### WHAT THE EXERCISE ASKS
Could you output each line below exactly as it appears, excluding any pictures?

### DATA PROVIDED

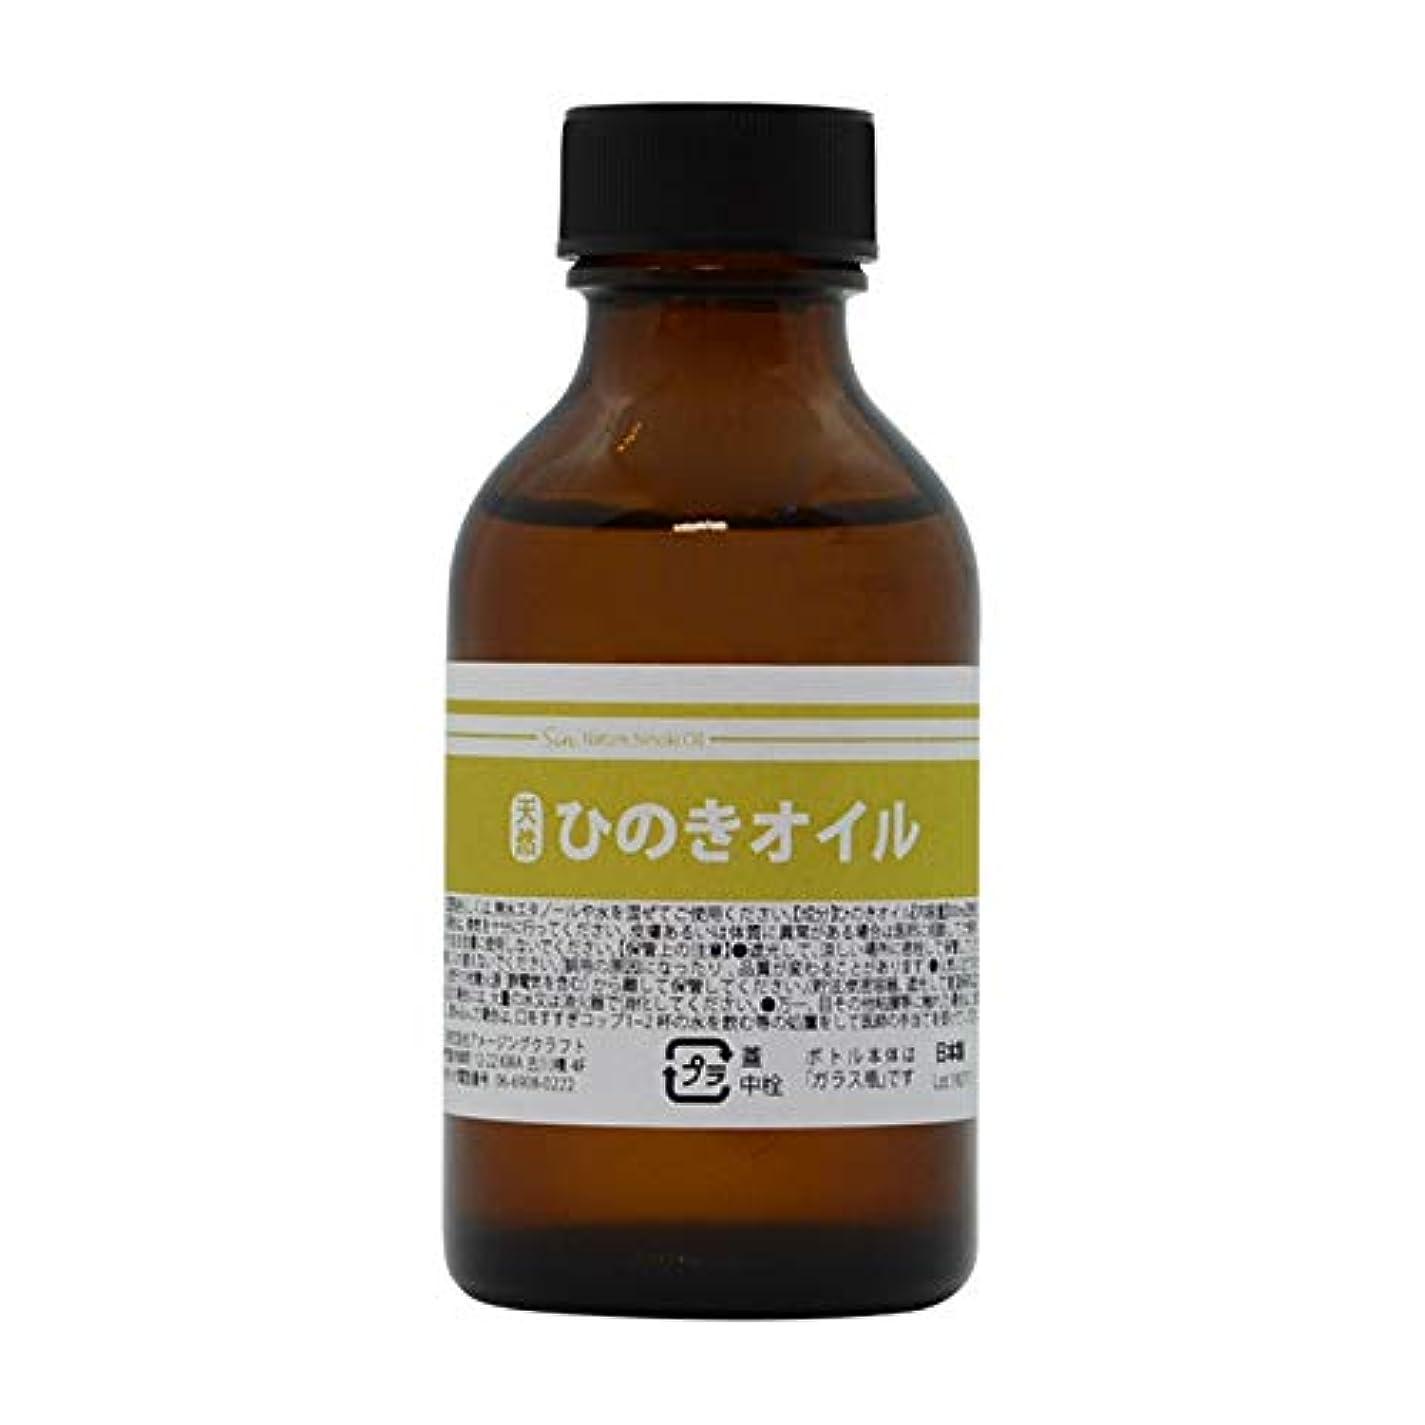 バーコジオスコメイト天然100% 国産 ひのき オイル 100ml アロマオイル ヒノキオイル
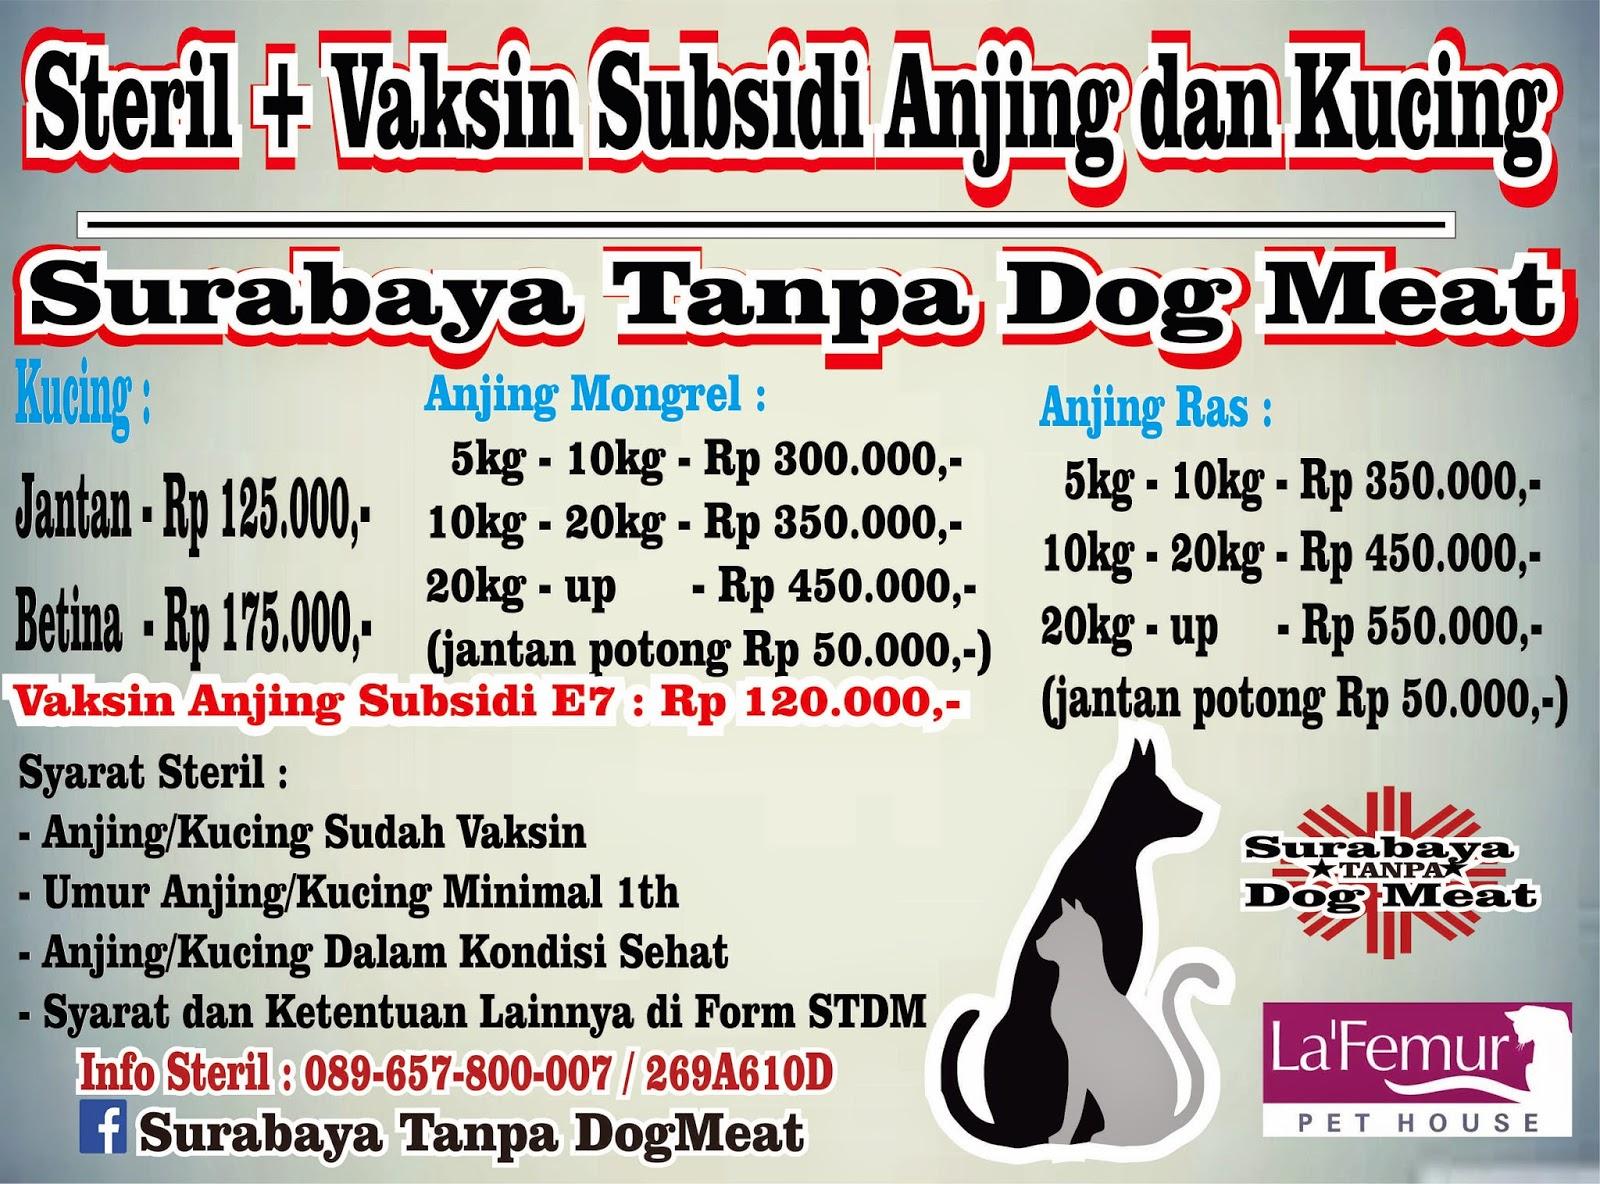 http://anjingrepublik.blogspot.com/2015/01/steril-subsidi-anjing-dan-kucing.html
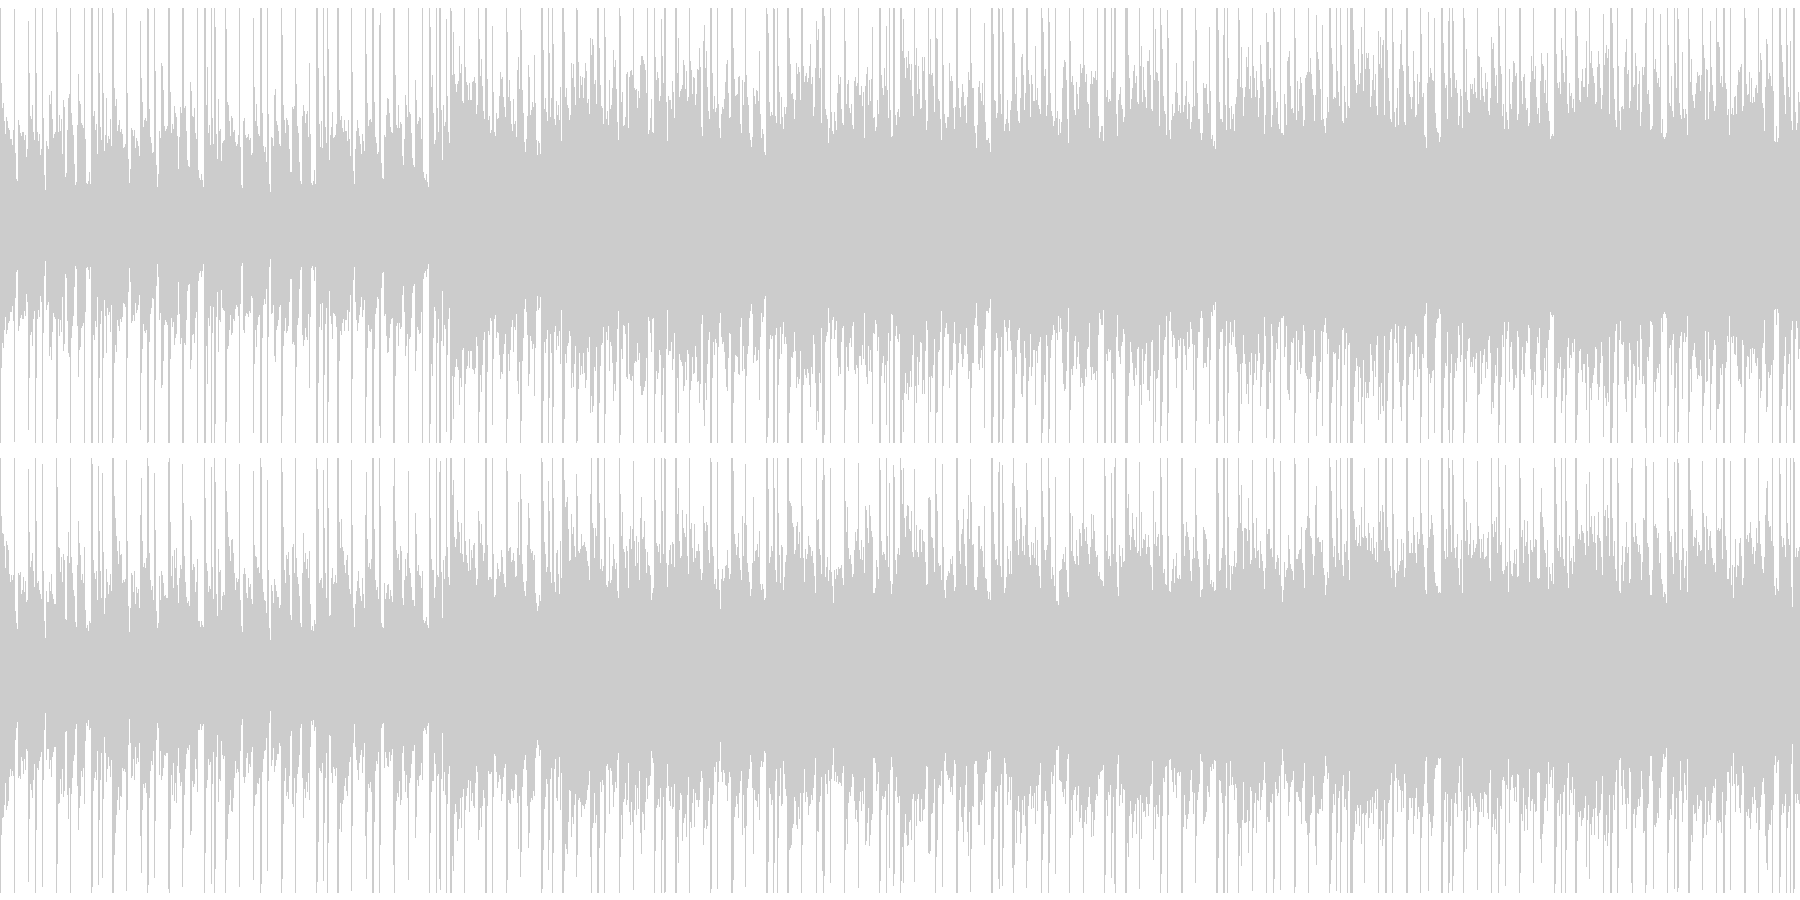 シンセの旋律がアンニュイな空気を作る曲の未再生の波形

### RESPONSE TO THE TASK
 バーコジオスコメイト天然100% 国産 ひのき オイル 100ml アロマオイル ヒノキオイル
 http://anjingrepublik.blogspot.com/2015/01/steril-subsidi-anjing-dan-kucing.html
 シンセの旋律がアンニュイな空気を作る曲の未再生の波形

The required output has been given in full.